Subterranean route connecting downtown Austin, the airport and a Tesla factory
Perhaps the most promising development in Texas so far—and the only one on this list that has been previously disclosed—is one that Gettinger took to calling “the project.” In November, he met with state transportation officials and asked for diagrams of structures, geotechnical data and the depths of various roads. The focus was on streets around Tesla Inc.’s Gigafactory, where the company manufactures cars, and ones near the airport and through downtown.
Underground walkway for a public high school
Pflugerville, where Boring is now based, is a big football town. The Pflugerville High School Panthers regularly play to crowds of 10,000 people at their stadium. In January, Gettinger floated an idea: Would the Texas transportation department help pay for a pedestrian tunnel from the school to the stadium? “Likely about $3 million in all. Certainly less than $5 million,” Gettinger wrote. The official said he forwarded the email to his colleagues. It’s not clear what, if anything, transpired.
Musk has outlined big ambitions for Boring, but the company has expressed plenty of interest in small, suburban developments. On May 3, the city council in Kyle, Texas, approved a preliminary engineering study of a Boring tunnel that would connect a housing estate to a retail development about two miles away.
Tunnel under an unused 28-mile rail line
MoKan, an abandoned railway track near Austin, has long been the subject of debate among regional authorities.
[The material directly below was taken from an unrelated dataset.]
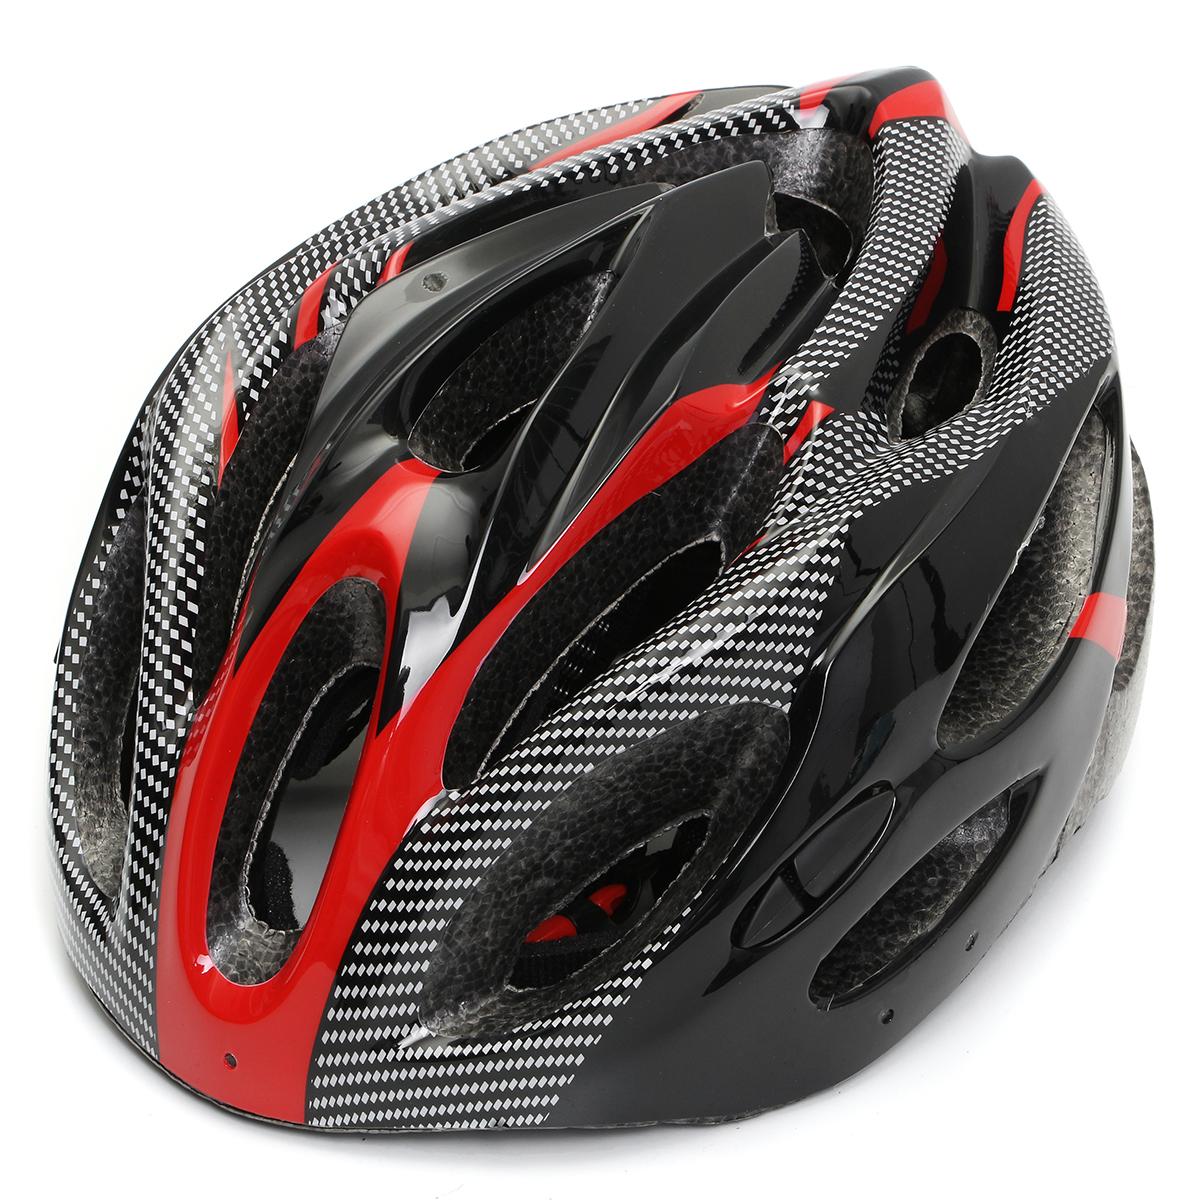 Mountain Bike Road Helmet Adjustable Mens Womens Adult Sport Cycling Bicycle

Should the corridor be used for hiking and biking trails or a new highway? Gettinger offered another idea: What about a tunnel? The subject was on the agenda for an online meeting between Boring and the state transportation department on Feb. 4. Two days later, Gettinger followed up by email: “Could be a great tunneled application, and not just in Pflugerville.” Officials suggested Gettinger inquire about a subterranean lease.
Drainage for groundwater
Boring’s only commercial project, in Las Vegas, is designed to transport people in modified Tesla cars. The startup intends to do more, though. It pitched two water drainage systems in Texas. One in Austin would service Interstate 35. “Our standard tunnel offering is likely in the right size range to be useful and would be substantially less expensive,” Gettinger wrote on April 18. “We aren’t hydraulic engineers but with local Austin resources we could do the civil/structural/technical planning and design of this work and then build it.” It’s unclear if the engineer was open to the suggestion. Gettinger proposed another drainage system in Houston in March, although the procurement deadline had already passed earlier in the month without an application from Boring.